Special to SVLfreenews.com

RALEIGH -- North Carolina’s juvenile crime rate fell to its lowest point – 16.18 complaints per every 1,000 kids – since the state began recording juvenile crime data, according to the latest report from the Department of Public Safety’s Juvenile Justice section.

“As attorney general and now as governor, I’ve seen firsthand the work of law enforcement and Juvenile Justice officials to reduce juvenile crime and promote safer communities. We will continue to work to identify at-risk young people, increase opportunity across our state and build a safer North Carolina,” Gov. Roy Cooper said on Tuesday.

Data presented in the Juvenile Justice Section’s 2018 Annual Report shows the following trends in the state’s juvenile justice system from 2010-2018:
• The juvenile crime rate has fallen by 41%, from 27.55 complaints per every 1,000 kids to 16.18 complaints per every 1,000 kids in 2018.
• The annual number of school-based complaints has dropped 35%, though the percentage of school-based complaints versus non-school-based complaints has held steady, at 44%
• The number of children admitted to juvenile detention centers has decreased by 62%; and
• The number of children committed to youth development centers has gone down by 46%.

Additionally, data from 2018 reveals that:
• Minor offenses, infractions and status offenses accounted for more than 70% of all juvenile complaints in 2018;
• The top five juvenile offenses in 2018 were simple assault, larceny, disorderly conduct at school, communicating threats and truancy.

Juvenile Crime Prevention Council (JCPC) programs – found in all 100 counties – served more than 21,000 youths in 2018. Nearly 11,000 of those children served (52%) were classified as at-risk, without involvement in the juvenile justice system.
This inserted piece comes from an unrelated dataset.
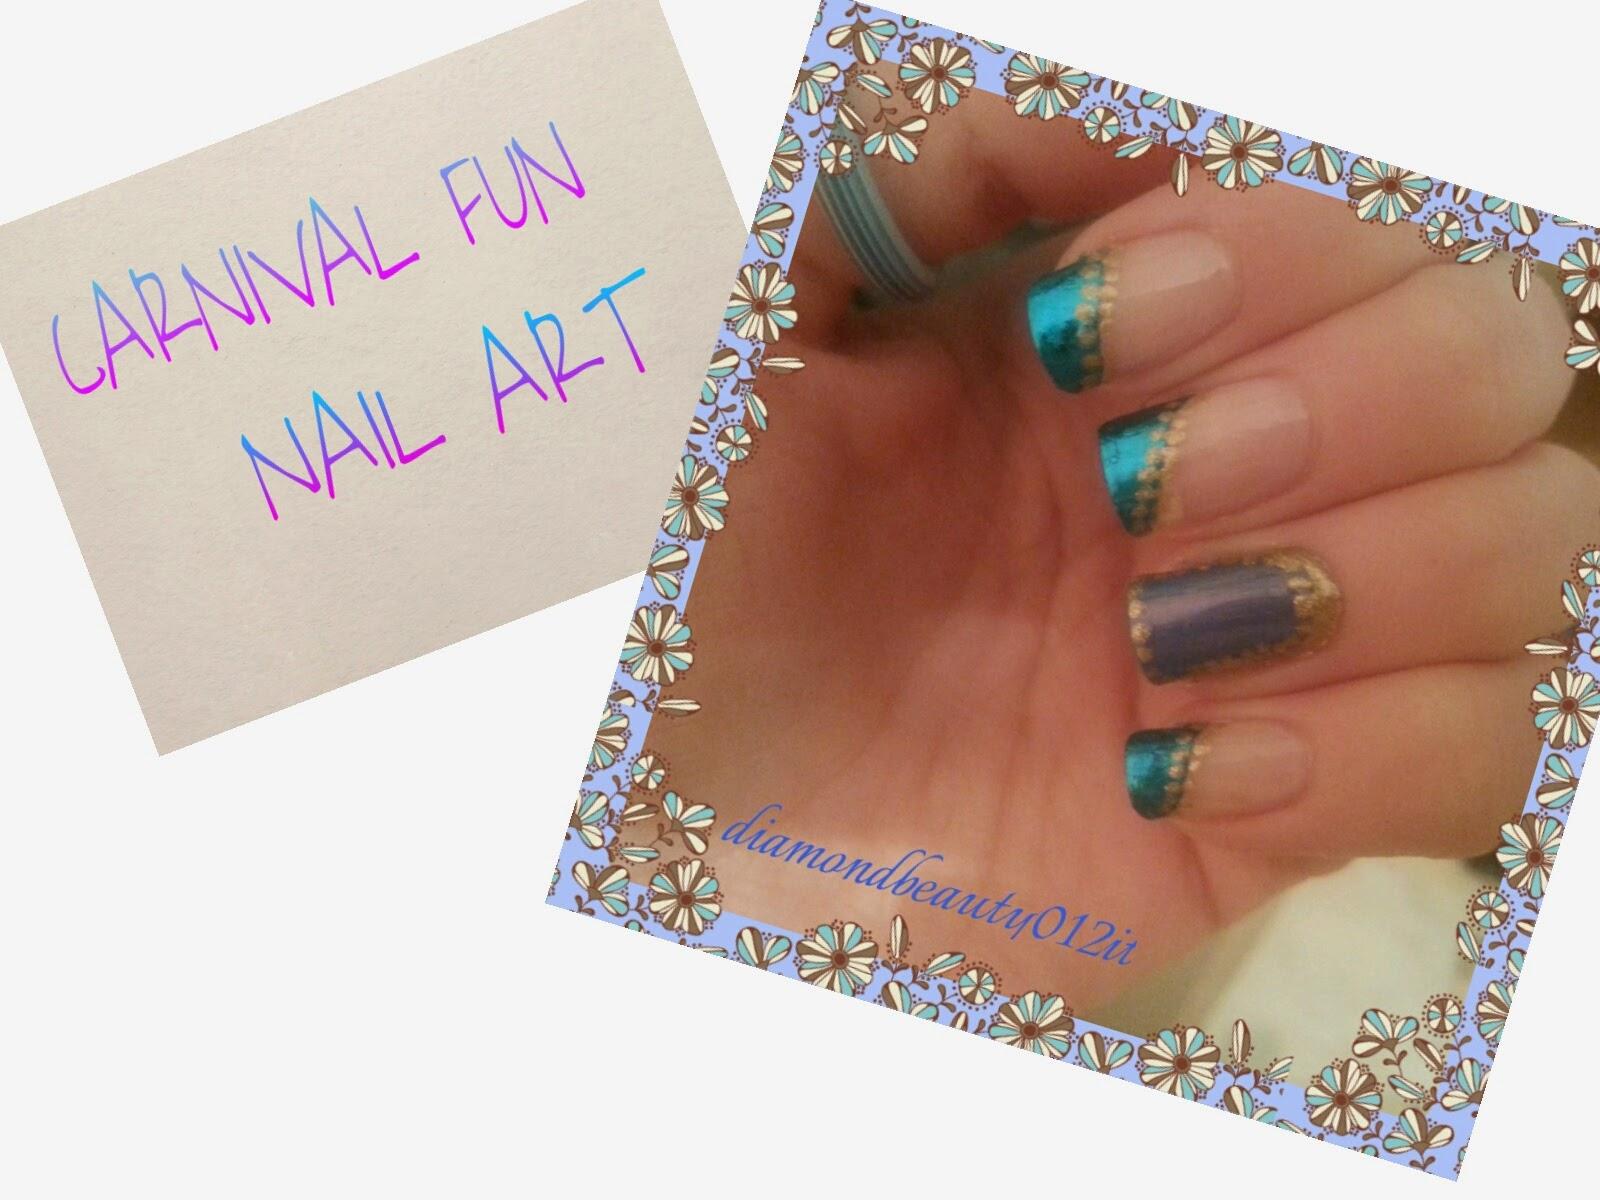 nail art per il carnevale

The top three service types provided through JCPC programs were restitution/community service, interpersonal skill building and teen court.

“These results speak to the outstanding work of juvenile justice professionals throughout the state, and the strong partnerships we’ve built with law enforcement, community-based programs and organizations,” said William Lassiter, deputy secretary for Juvenile Justice.

“With our improved understanding of youth behavior and the underlying issues/factors that may trigger criminal behavior, we’re using a proactive approach to recognize at-risk youth and provide them with help to keep them from entering the juvenile justice system in the first place,” Lassiter added.